Given an integer n, return an array ans of length n + 1 such that for each i, ans[i] is the number of 1 bits in the binary representation of i.

Real-World Application

Essential for performance-sensitive optimization tasks, such as calculating Hamming weight for checksums, error detection, or data compression algorithms (e.g., LZ77) where counting bits is a frequent operation.
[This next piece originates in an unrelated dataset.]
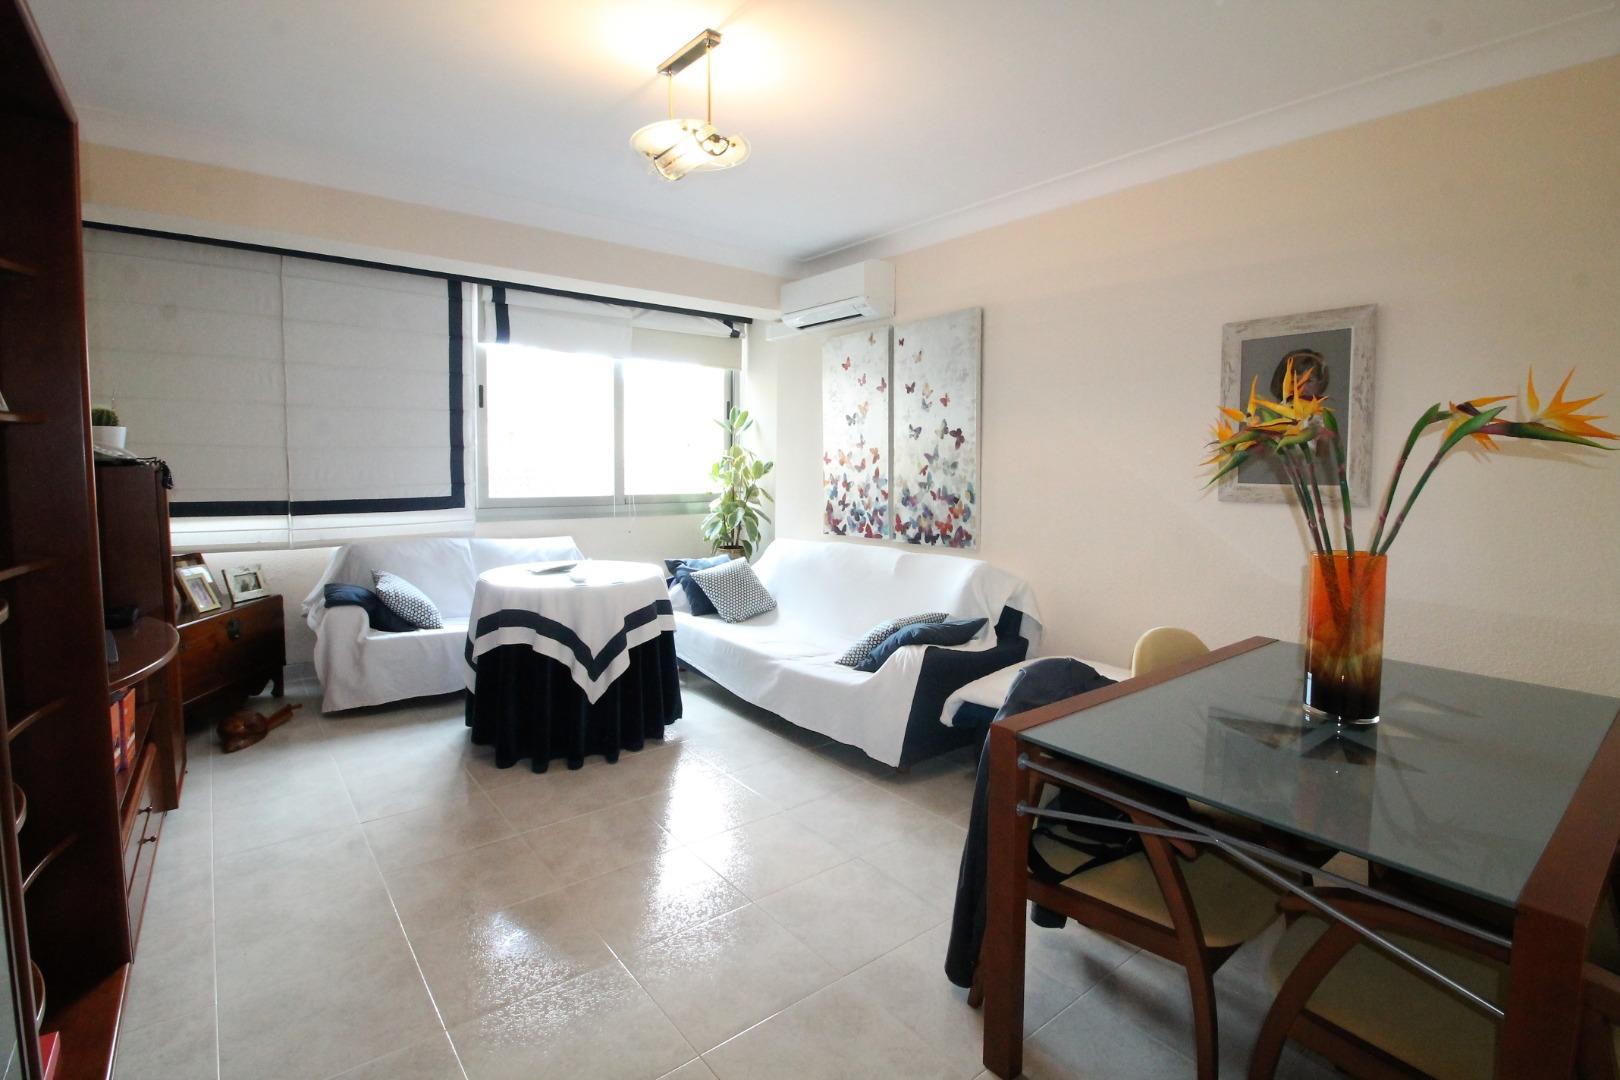 Affitto Appartamento  Carrer santiago rusiñol. Piso 'zona cristo rey'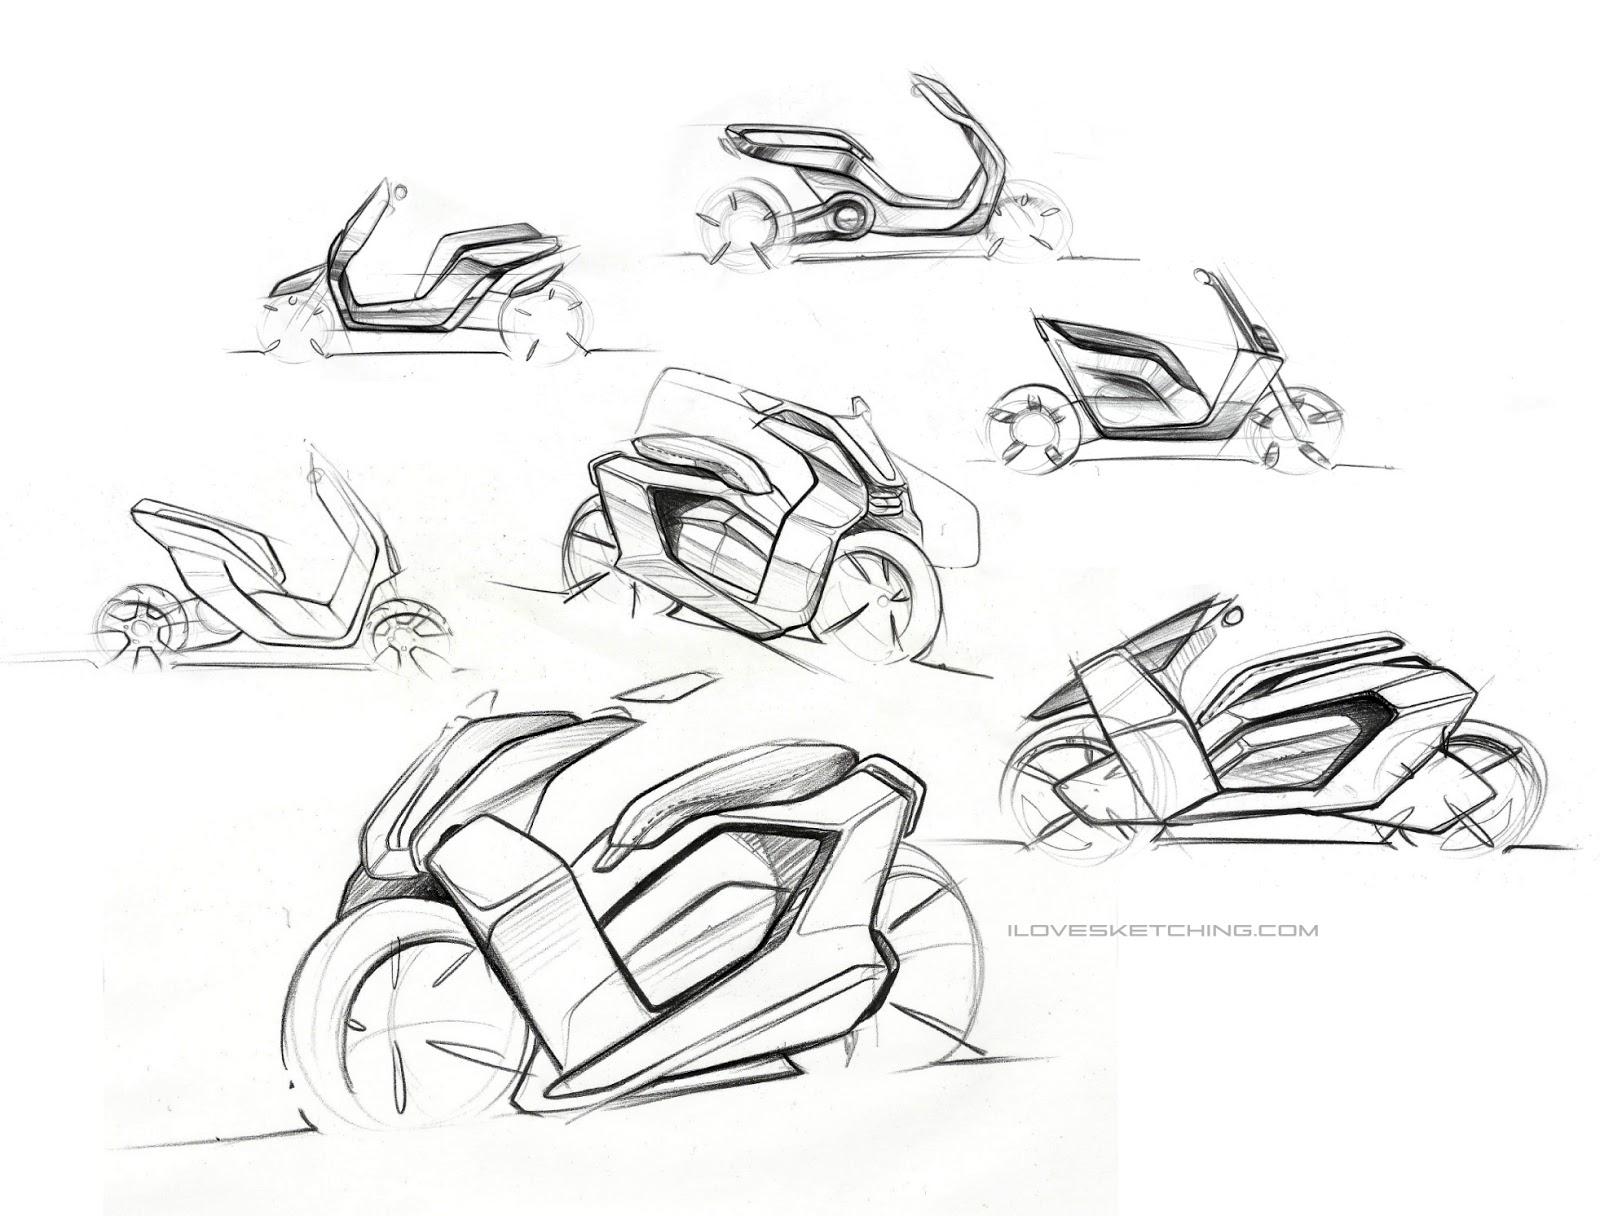 I Love Sketching Volturo

🛠️ Constraints & Edge Cases

  • \(0 \le n \le 10^5\)
  • Edge Cases: \(n=0\).

🧠 Approach & Intuition

The Aha! Moment

Use dynamic programming: For any number i, the number of bits is bits[i >> 1] + (i & 1). This reuses computed results from the previous sub-problems.

🐢 Brute Force (Naive)

Iterate from 0 to \(n\) and count bits for each using n & (n-1) or built-in functions. Complexity \(\mathcal{O}(N \log N)\).

🐇 Optimal Approach

Use DP: - ans[i] = ans[i >> 1] + (i % 2). - This works because shifting right removes the last bit, and the remainder tells us if the last bit was 1.

🧩 Visual Tracing

graph LR
    A["i: 5 binary 101"] --> B["i >> 1: 2 binary 10"]
    B --> C["ans[i] = ans[2] + 1"]
    C --> D["Result: 2"]

💻 Solution Implementation

(Implementation details need to be added...)

⏱️ Complexity Analysis

  • Time Complexity: \(\mathcal{O}(N)\) where \(N\) is the input integer.
  • Space Complexity: \(\mathcal{O}(N)\) to store the array of bit counts.

🎤 Interview Toolkit

  • Harder Variant: Use \(\mathcal{O}(1)\) additional space (impossible here as we return an array).
  • Alternative Data Structures: Bit shifting vs. arithmetic.
  • [Number of 1 Bits](#) — Single number bit counting.
  • [Single Number](#) — Using XOR.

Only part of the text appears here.